Paciente – o sujeito que, dado o seu estado de saúde, se ficar impaciente, como seria de se esperar de quem tivesse um mínimo de dignidade, só vai piorar a sua condição geral.

Palmas – deboche do público ao orador.

Peça –  Parte componente de um conjunto mecânico. Nova designação de petição, que faz parte de um conjunto dialético. Daí decorre a proximidade semântica entre a famosa expressão “pregar uma peça” e  a pretensiosa “elaborar uma peça”.

 

Propulsor –  Artifício iconológico da novidade da indústria automobilística. Assim como existe o propulsor de íons, agora existe o propulsor do carro mil.

 

Promotor de justiça – designação cabocla de promotor público, mantida por puro interesse corporativo. Título que gera perplexidade, pois é evidente que é o juiz quem promove justiça, enquanto os promotores se limitam a dizer: minha função é acusar, ele que julgue.

Positivo – quer dizer, negativo.

S

Saudação – sarcasmo de orador que atinge seu paroxismo no Tribunal do Júri, onde, às vezes, tanto o homenageado quanto o orador caem na risada.

Sentir muito – formula polida para expressar àquele a quem se dirige que o assunto não lhe diz respeito e nem lhe interessa e que, geralmente é respondida por aquele que sofre com fórmula do mesmo calibre: “obrigado por suas palavras gentis”.

Sessão solene – ato público relevante  em que há um arranjo floral sobre a mesa do presidente.

Sessão ordinária – o nome já diz tudo.

Solenidade – cerimônia enfadonha totalmente dispensável.

T

Trazer à tona – só vem à tona o que está podre e inchado.
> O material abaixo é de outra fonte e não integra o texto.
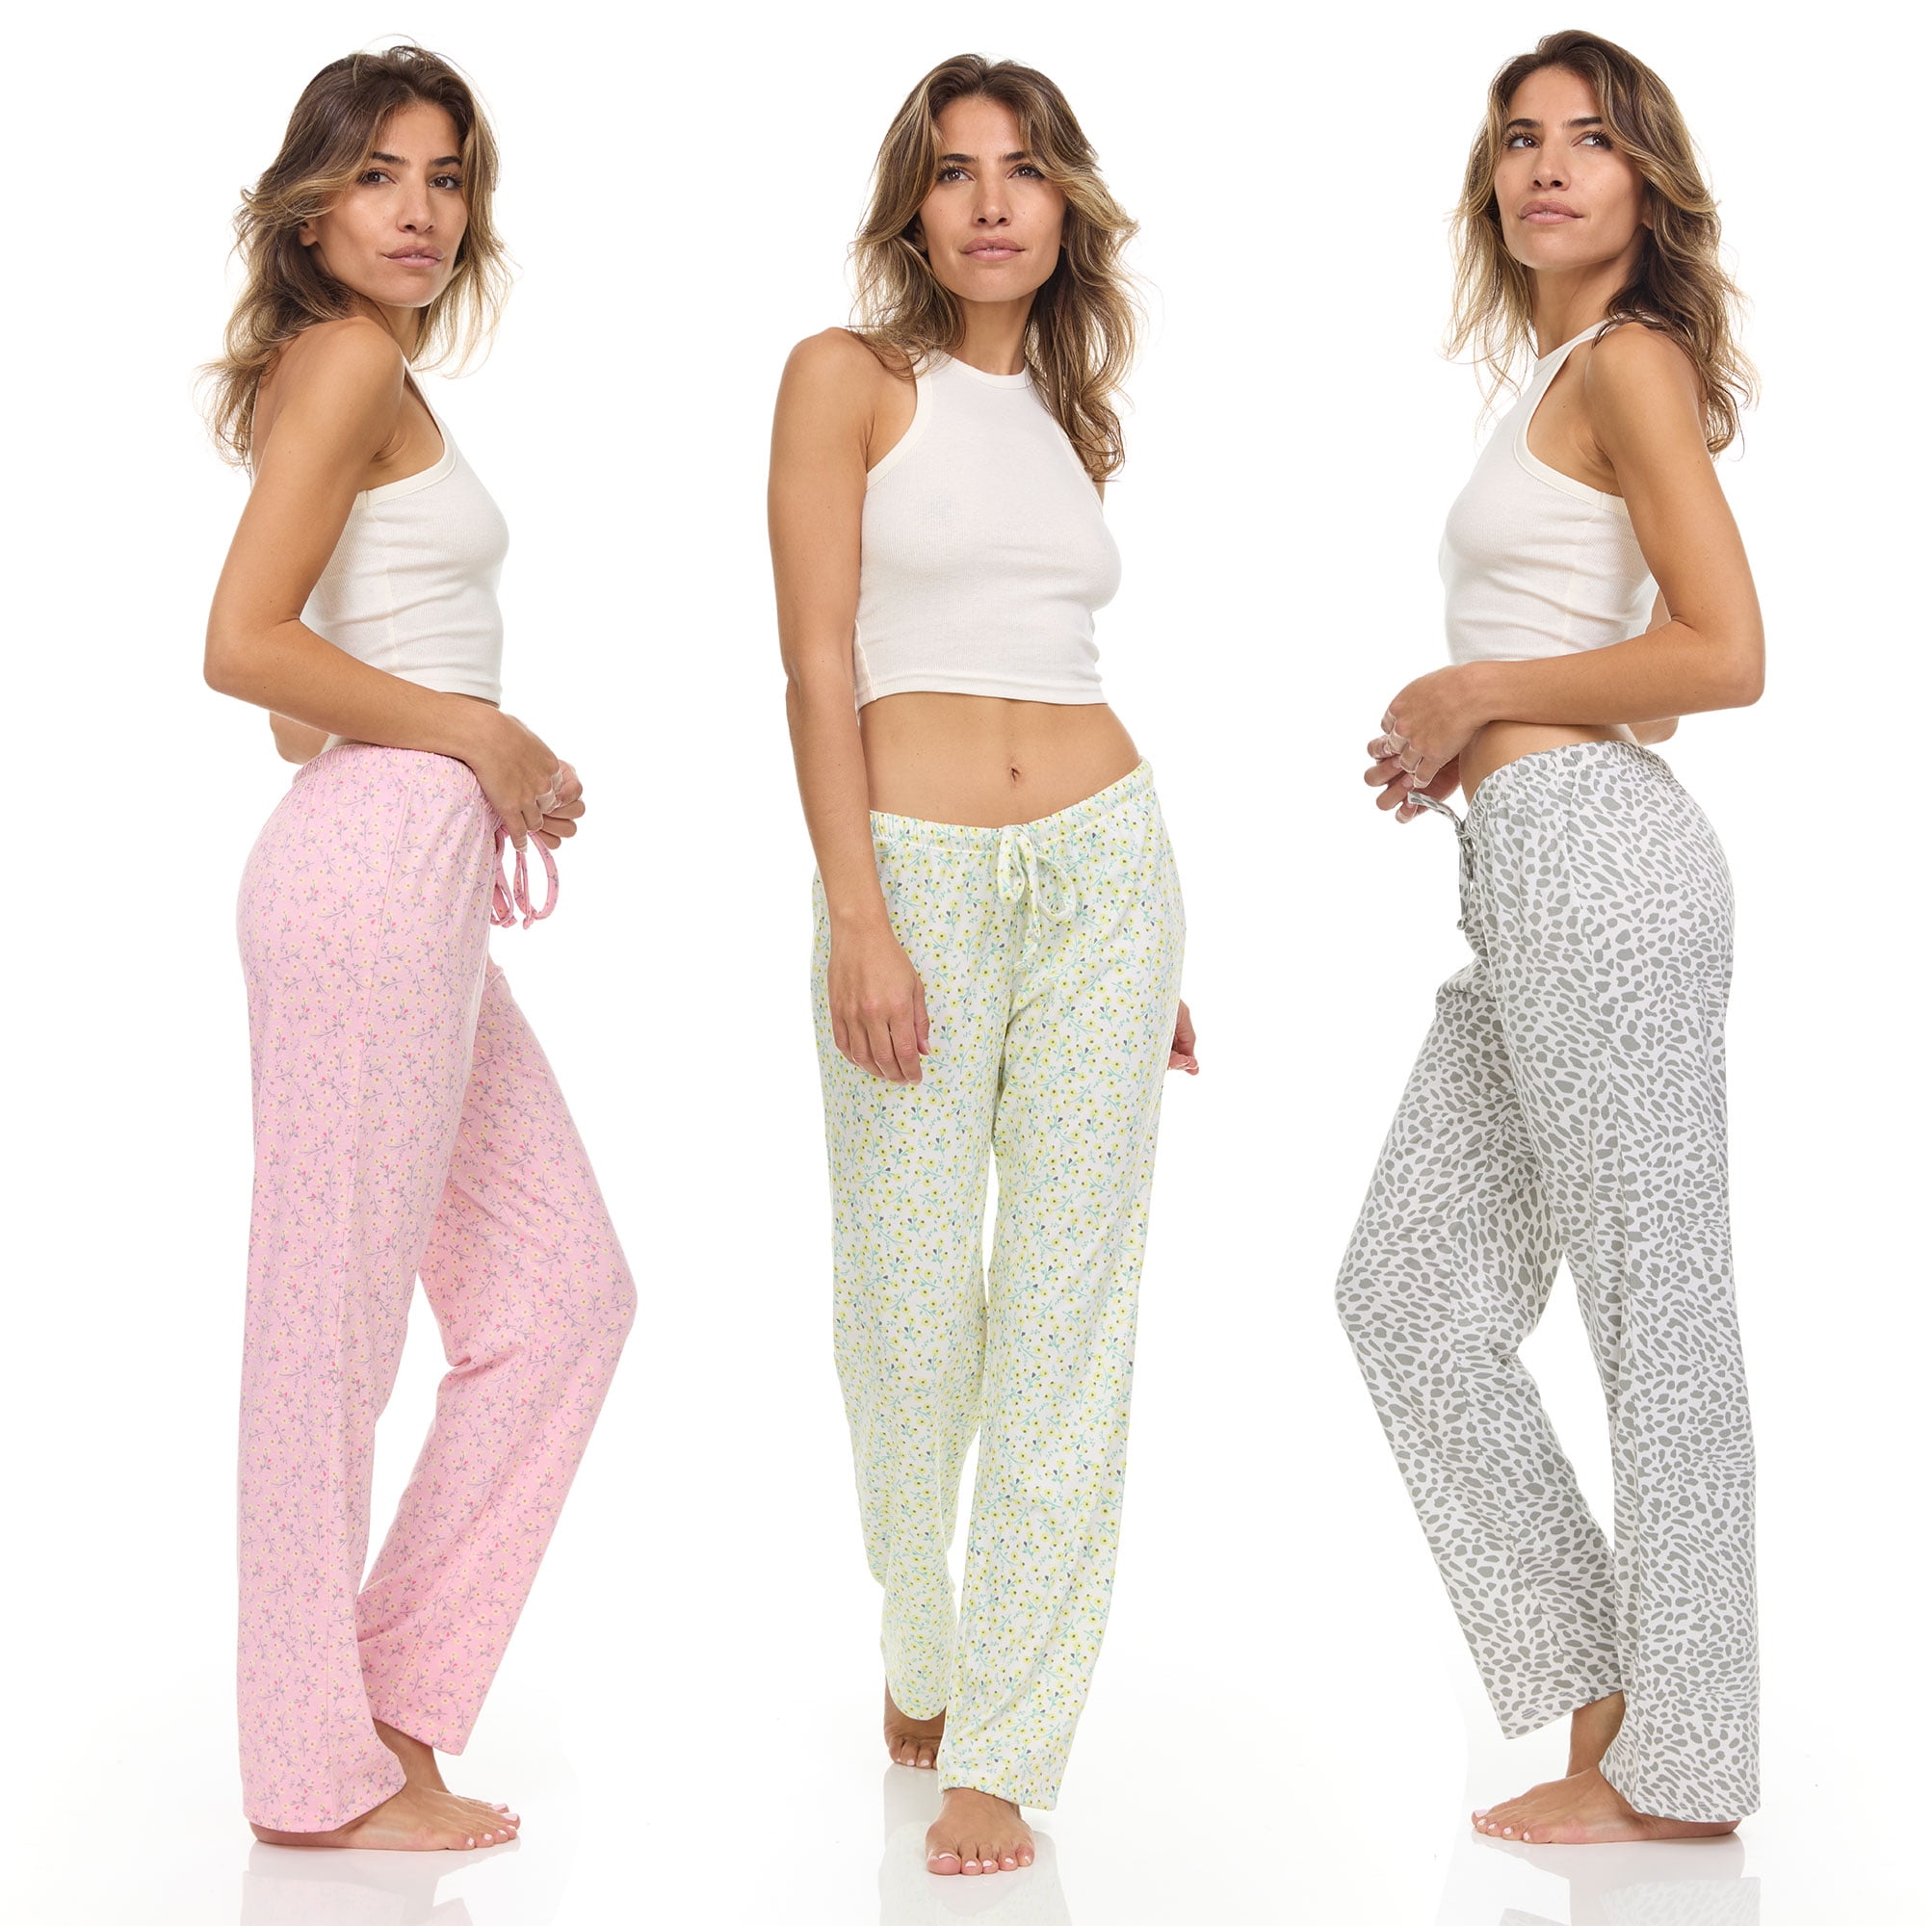 Picture of Daresay PJW-200-SET E-Yum Pnt-3Pk-2X Womens Printed Lounge Pajama Pants, Assorted Color - 2X - Pack of 3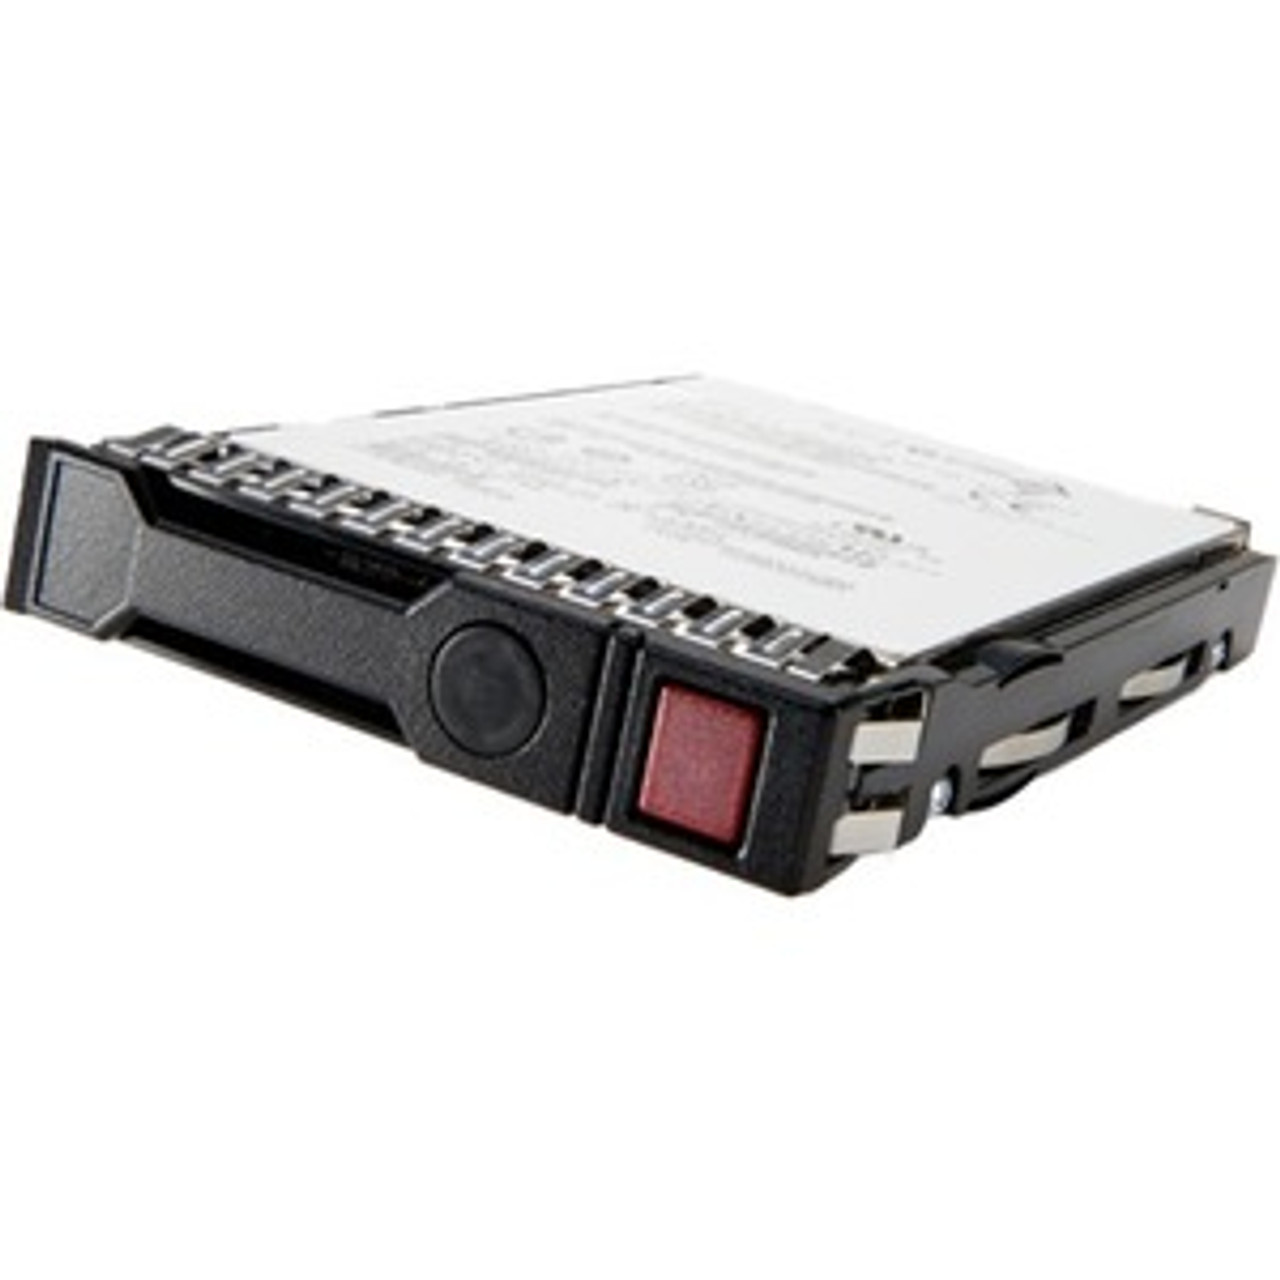 832514-H21#0D1 HPE 1TB 7200RPM SAS 12Gbps 2.5-inch Internal Hard Drive with Smart Carrier

Quase sempre quando a verdade vem à tona é muito desagradável e seria melhor que permanecesse no fundo; o tipo de atitude inconveniente numa reunião social. Um cadáver geralmente leva três dias para vir à tona.

Transparência – exposição pública e detalhada da sacanagem com o dinheiro público, você é que não entende.

Tira gosto – de quê?

V

Vaia – homenagem do público que estava prestando atenção ao discurso do orador.